銀座百点 号外48

「もう一軒行きましょう。すぐそこだから」
 もう一軒のバーへ行くまでに寿司屋へ寄る。トロを少したべて、
「ぼく田村です。また来ます」
 と言って寿司屋を出る。実に優しい。
 Qという看板のあるバーの扉をあけて、首だけ入れて、
「ママさん、いる?」
 マダムは外出らしい。ボックスへ坐る。いきなりオードブルが出てくる。こいつはマズイナと江分利は思う。黙ってオードブルを出す店は安くない。
「へえ、ママさん、いませんか。じゃビール」
 マダムがいなくて、じゃビールとはどういう意味か。格別の意味はないらしい。
「飲もうよ、結果は同じだ。結果としてはね、おなじなんだ」
 そこを出る。出るときに田村隆一は自分の詩集だか翻訳書だかにサインして渡す。
「ぼく田村です。ママによろしく」
 江分利は少し心配になって田村隆一に訊いてみる。
「あんた、あそこのママさん、知ってるの?」
「知ってるよ、はじめに行ったバーへね、あそこのママが1度遊びにきたことがあるんだ。そこで顔を知ってんだ。名前は知らないけど」
 驚いたね。結果は同じとはいくら飲んでも支払いはしないという意味なのだ。どんなに高価なウイスキーやブランデーを飲み、オツマミを食べても、支払いをしないという点で”結果は同じ”なのである。ビールの小瓶を一本だけ飲んでも結果は同じである。

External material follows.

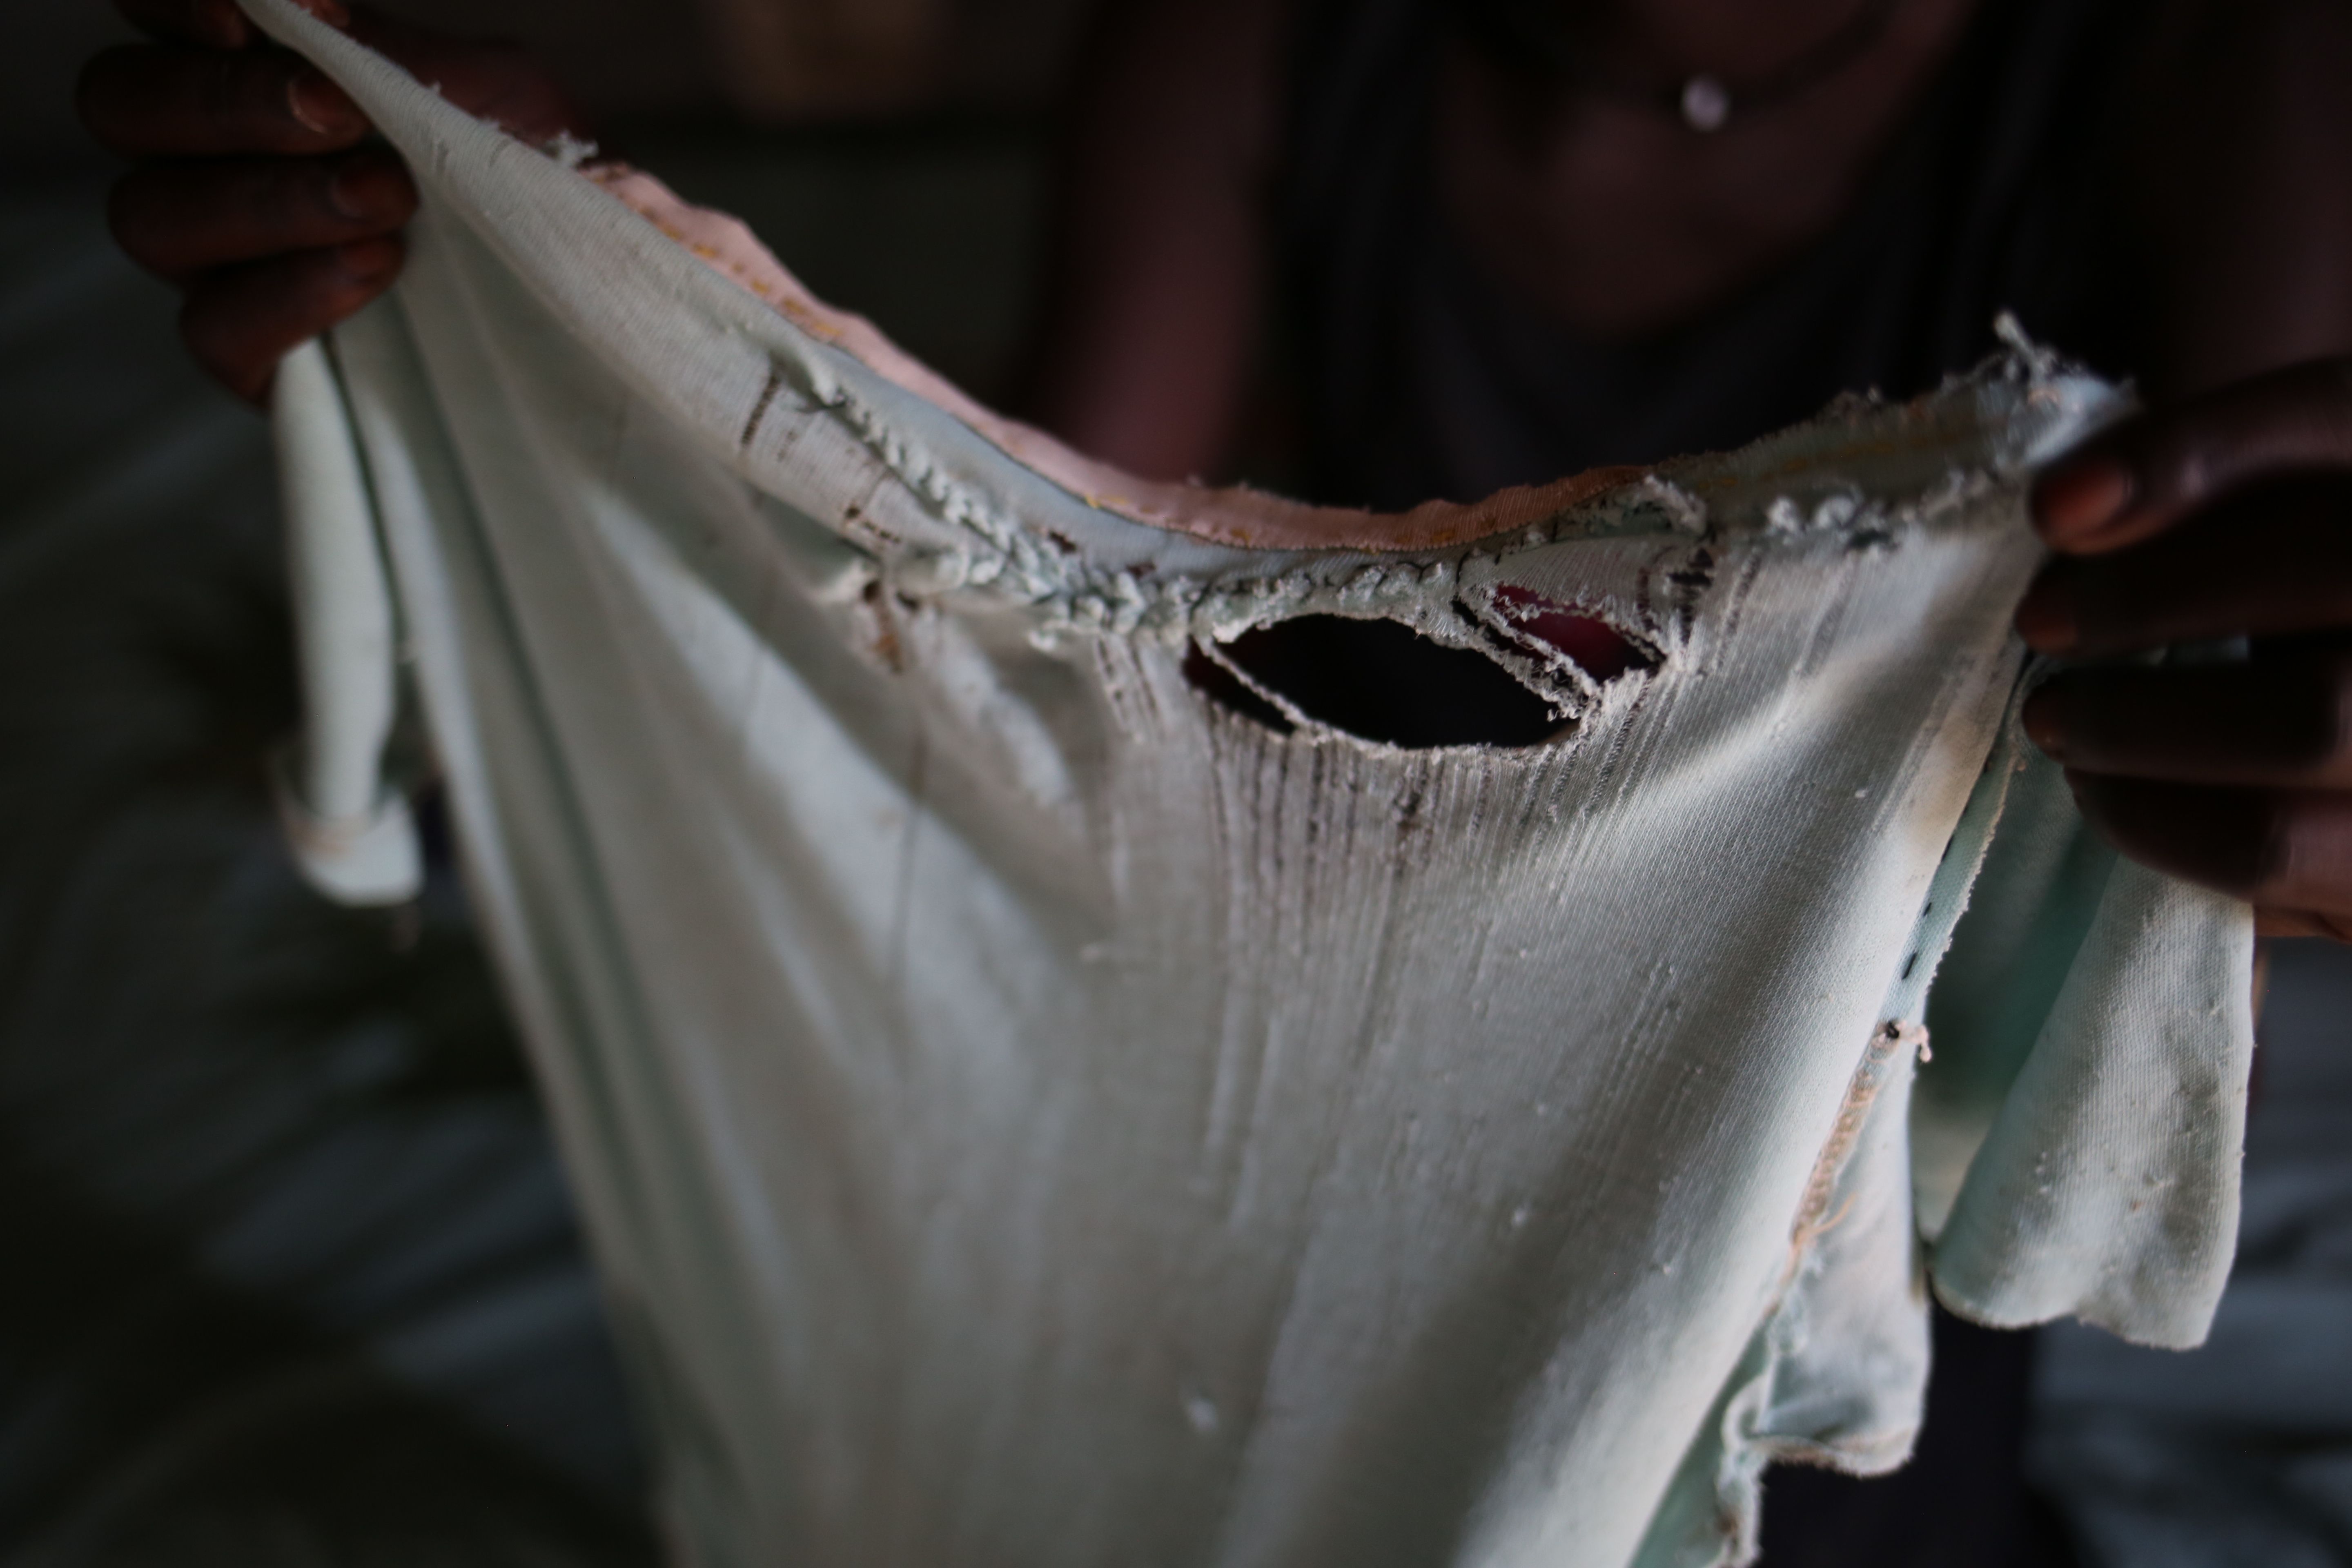 In South Sudan's civil war, rape is wielded as a weapon. Despite dangerous stigma, some women are speaking out. Image by Cassandra Vinograd. South Sudan, 2017.

 それでいて、どこのマダムにきいても田村さんだけは憎めないと言う。それだけのものを彼は備えているのだ。計算ではない。もっとも不意に突如として風の如く金を置いてゆくこともあるらしい。


 昭和23年、24年では、高名な作家で収入も相当ある筈なのに決して金を払わないという人がいた。ふらっと入って、ふらっと飲んで、ふらふら出てゆく。
「ああいう人、お金はどうするの?」
「あれはあの人の癖でしてね、仕様がないの」
 それで通った。そういう時代である。